**Requirement**
Pictures aside, reproduce exactly each line from the one holding "System and methods" through the last line of the material, both ends included.

**Recorded information**

-=-=-=-=-

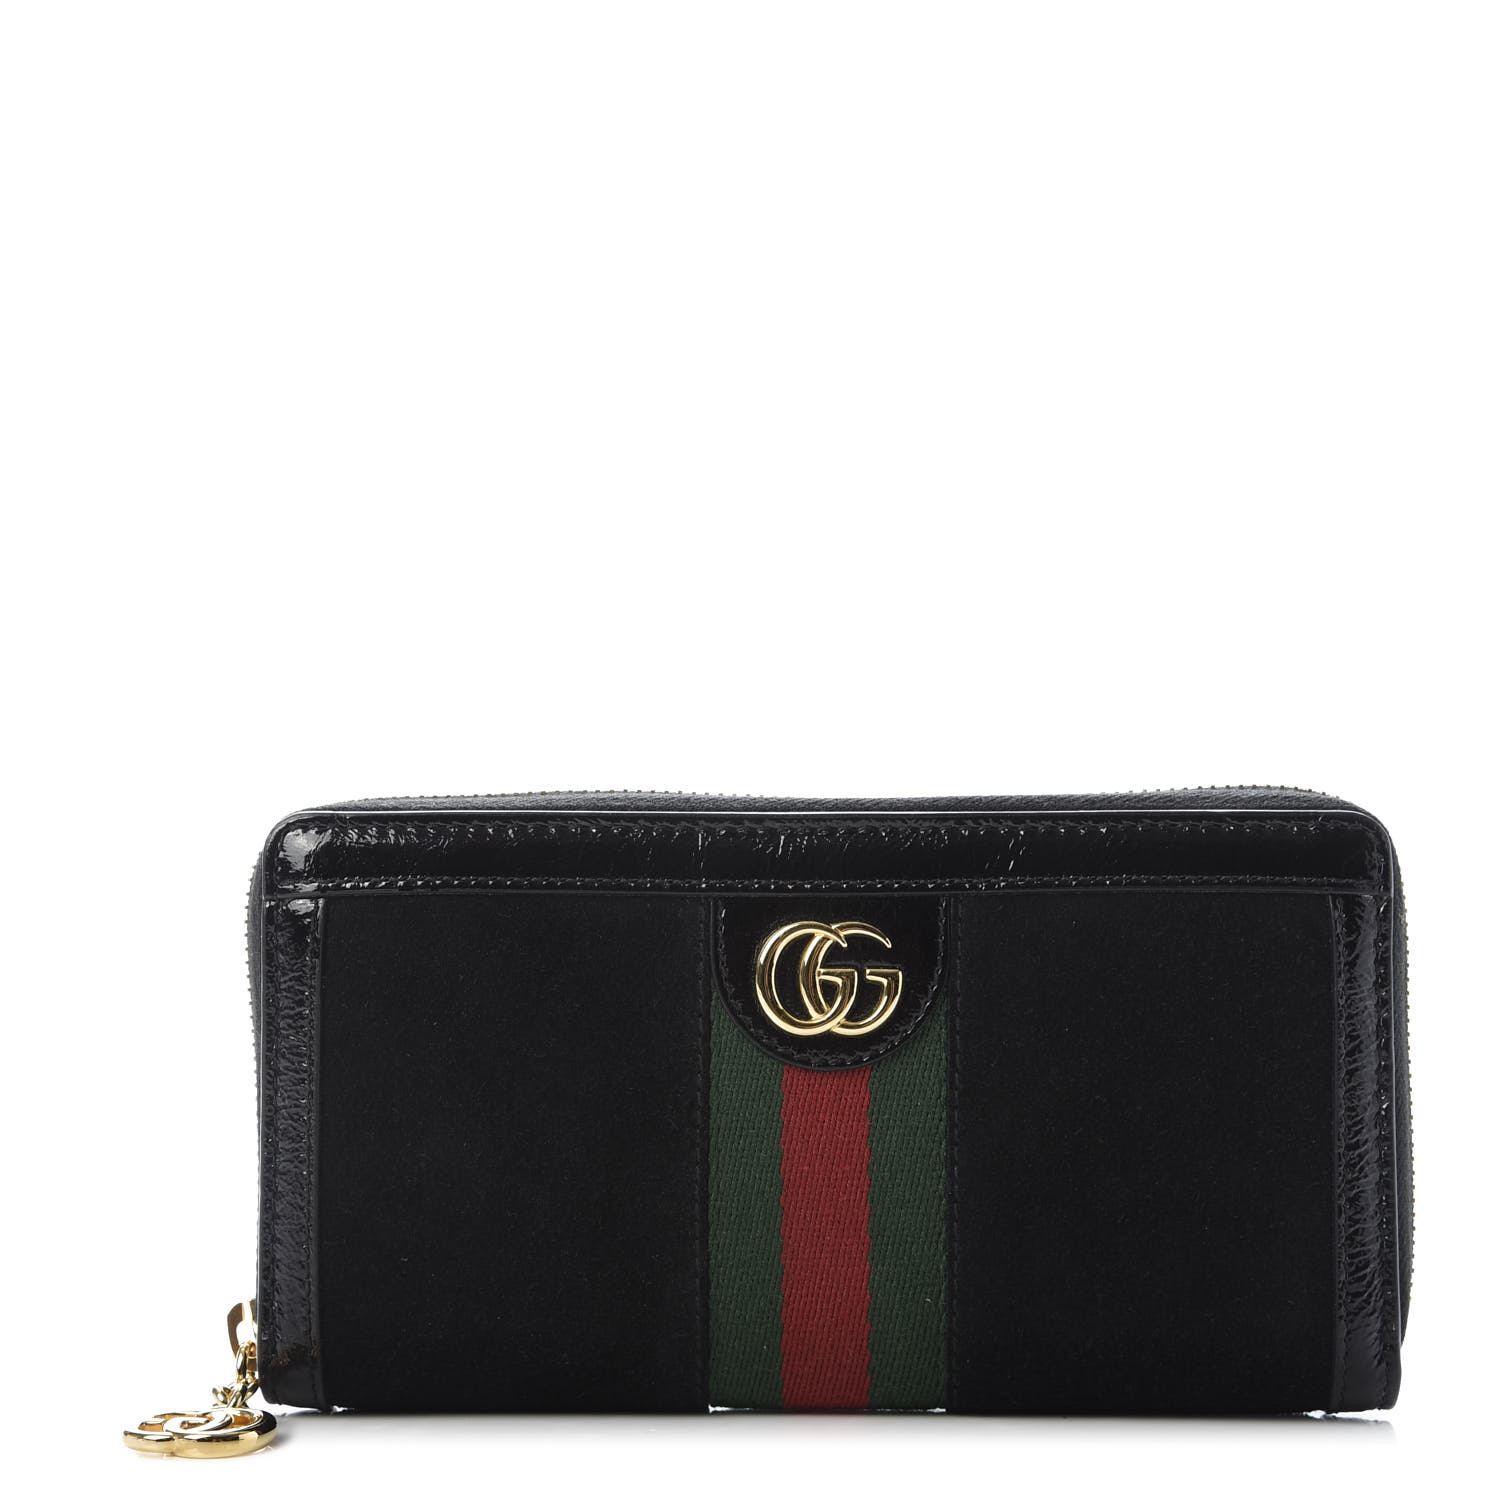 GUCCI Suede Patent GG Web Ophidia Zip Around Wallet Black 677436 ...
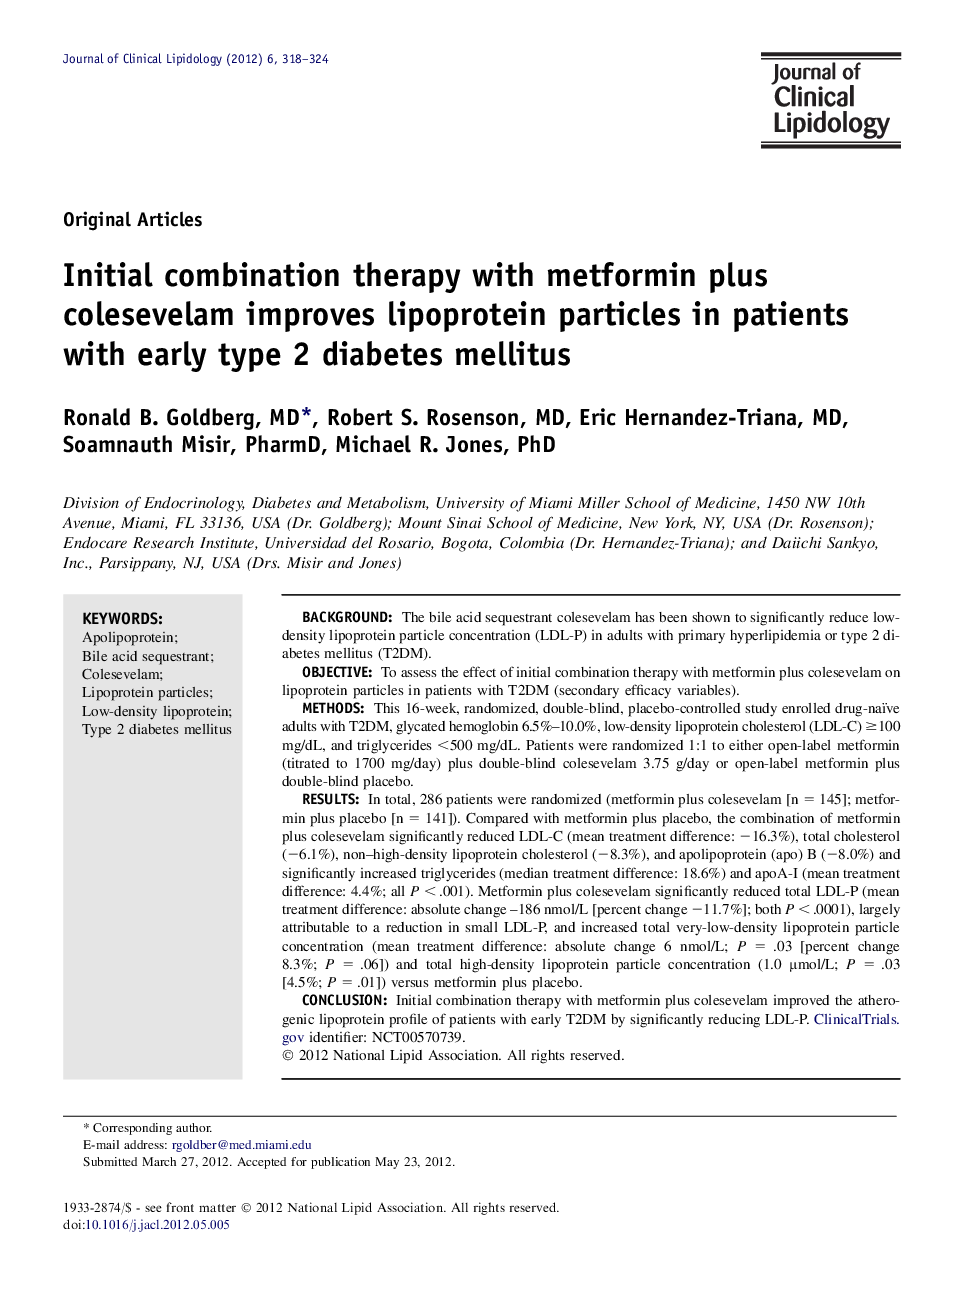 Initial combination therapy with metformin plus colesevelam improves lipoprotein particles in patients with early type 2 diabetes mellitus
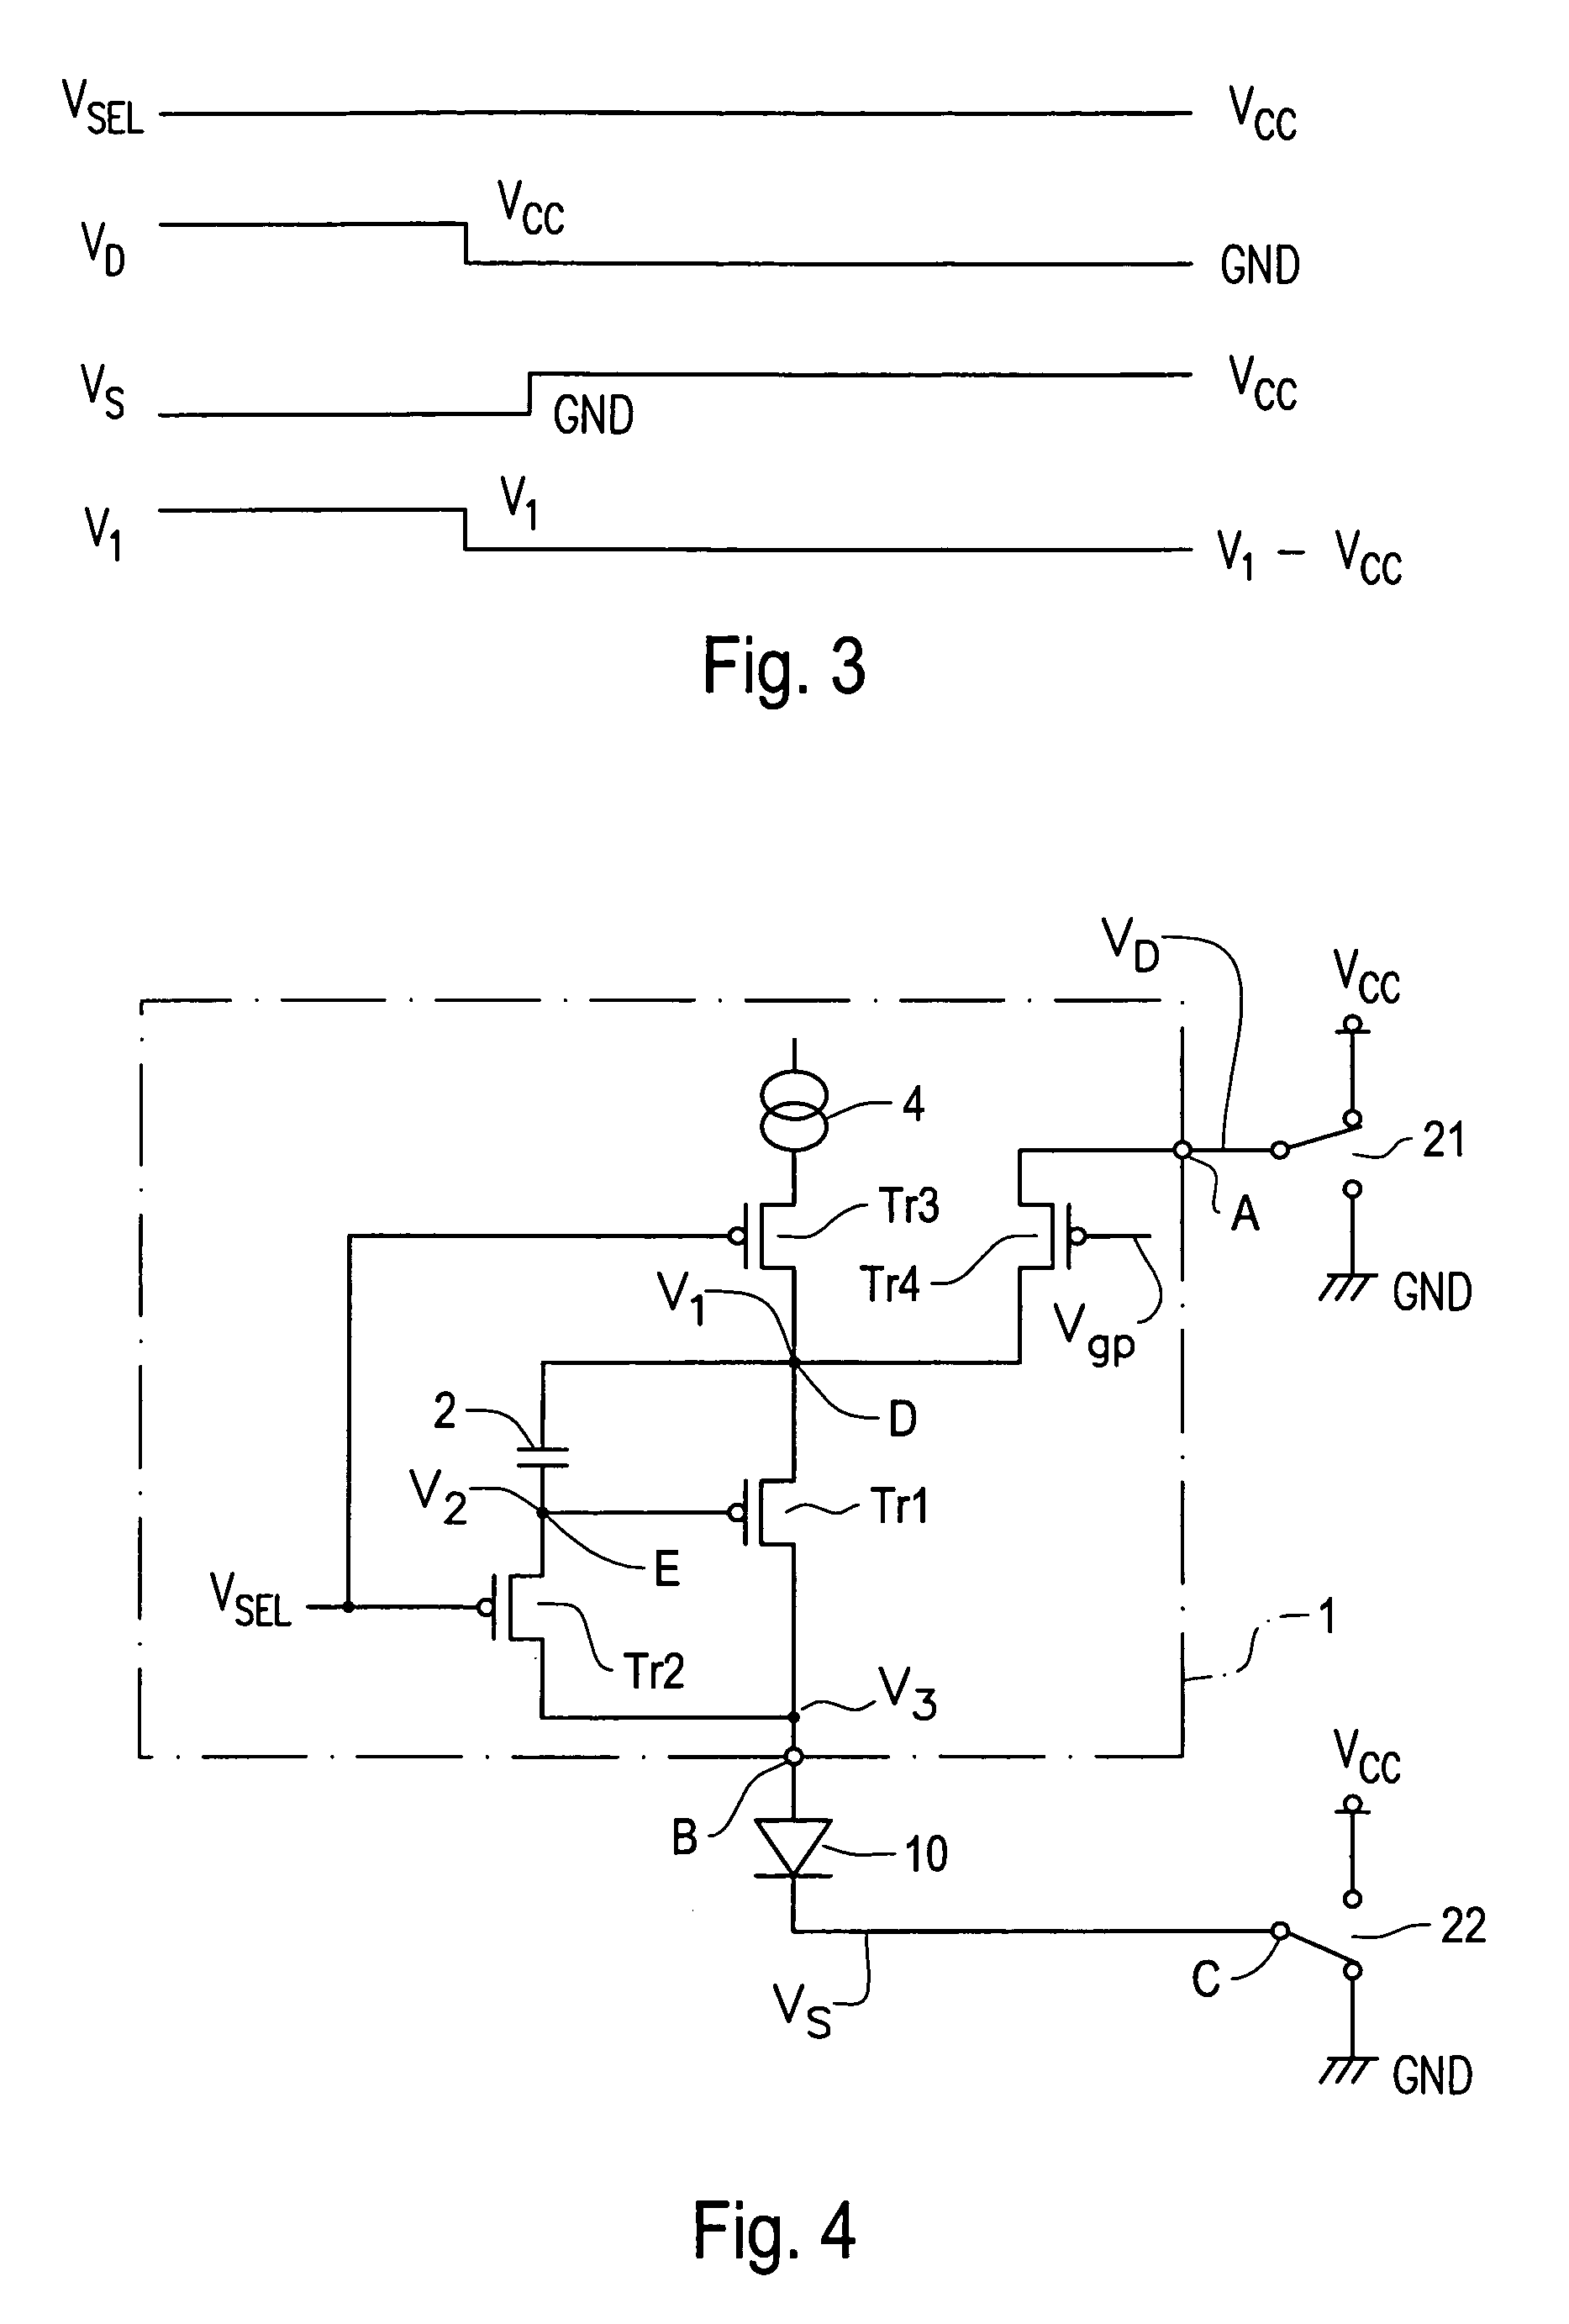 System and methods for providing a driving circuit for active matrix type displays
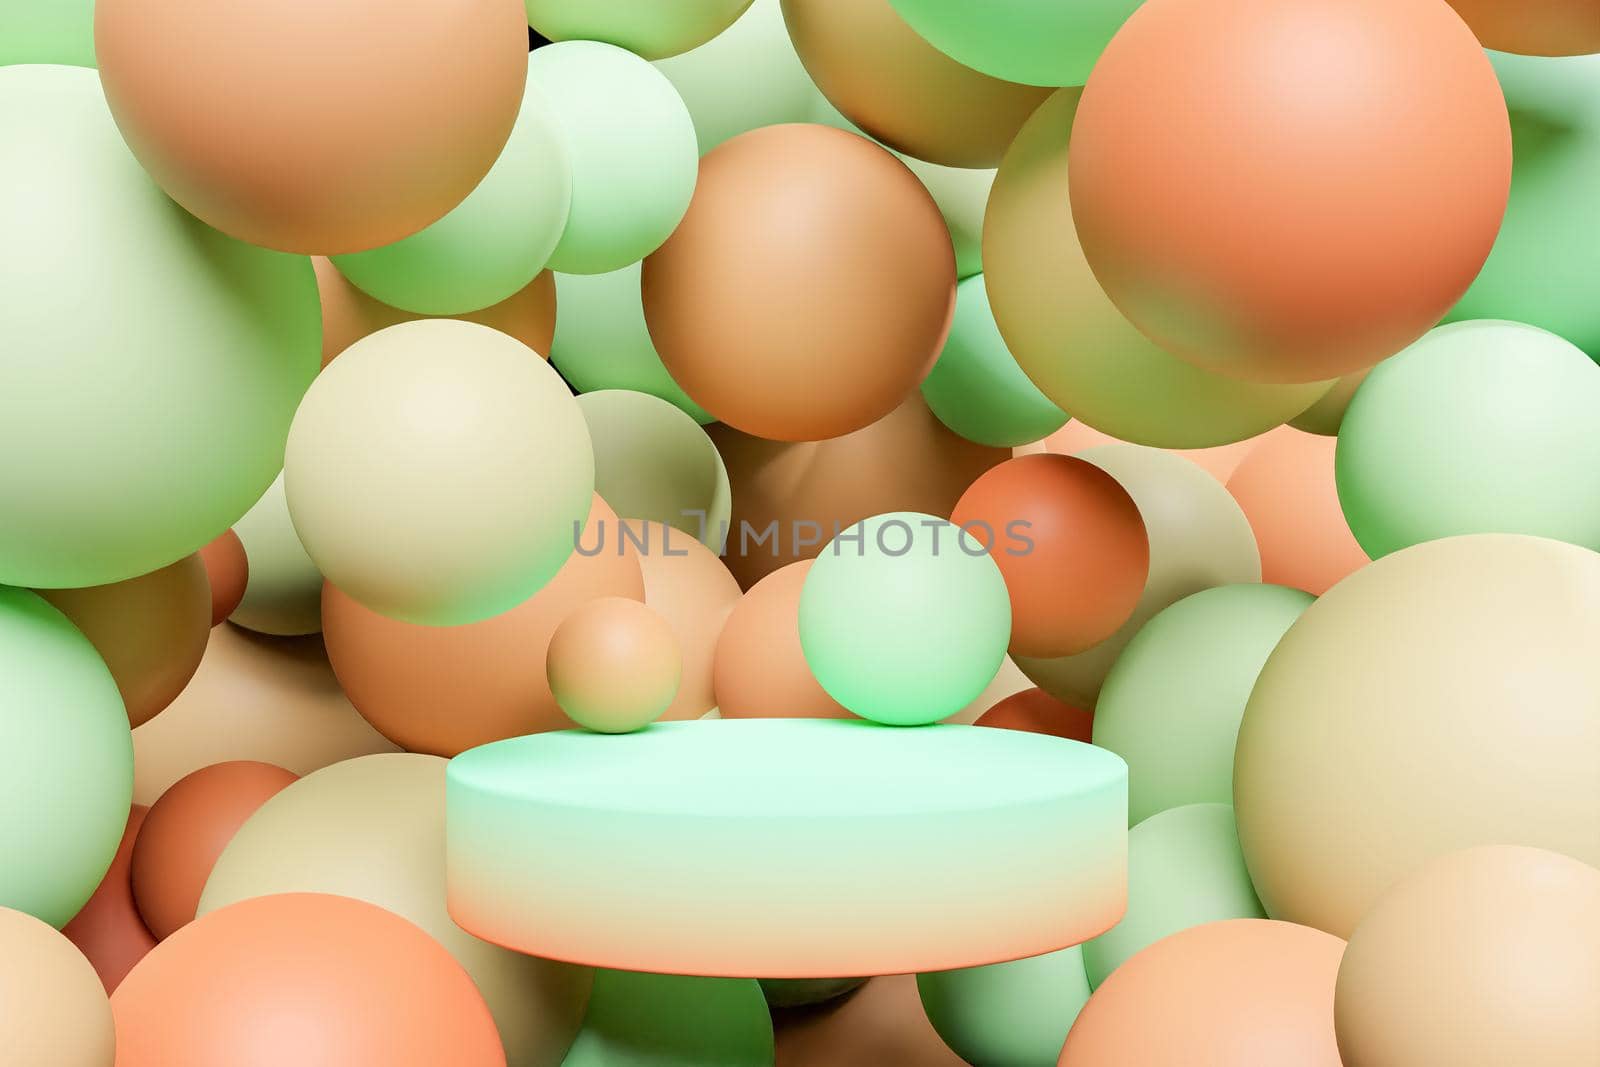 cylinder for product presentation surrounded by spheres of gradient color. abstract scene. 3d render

-=-=-=-=-

**Task output**
 System and methods for providing a driving circuit for active matrix type displays
 cylinder for product presentation surrounded by spheres of gradient color. abstract scene. 3d render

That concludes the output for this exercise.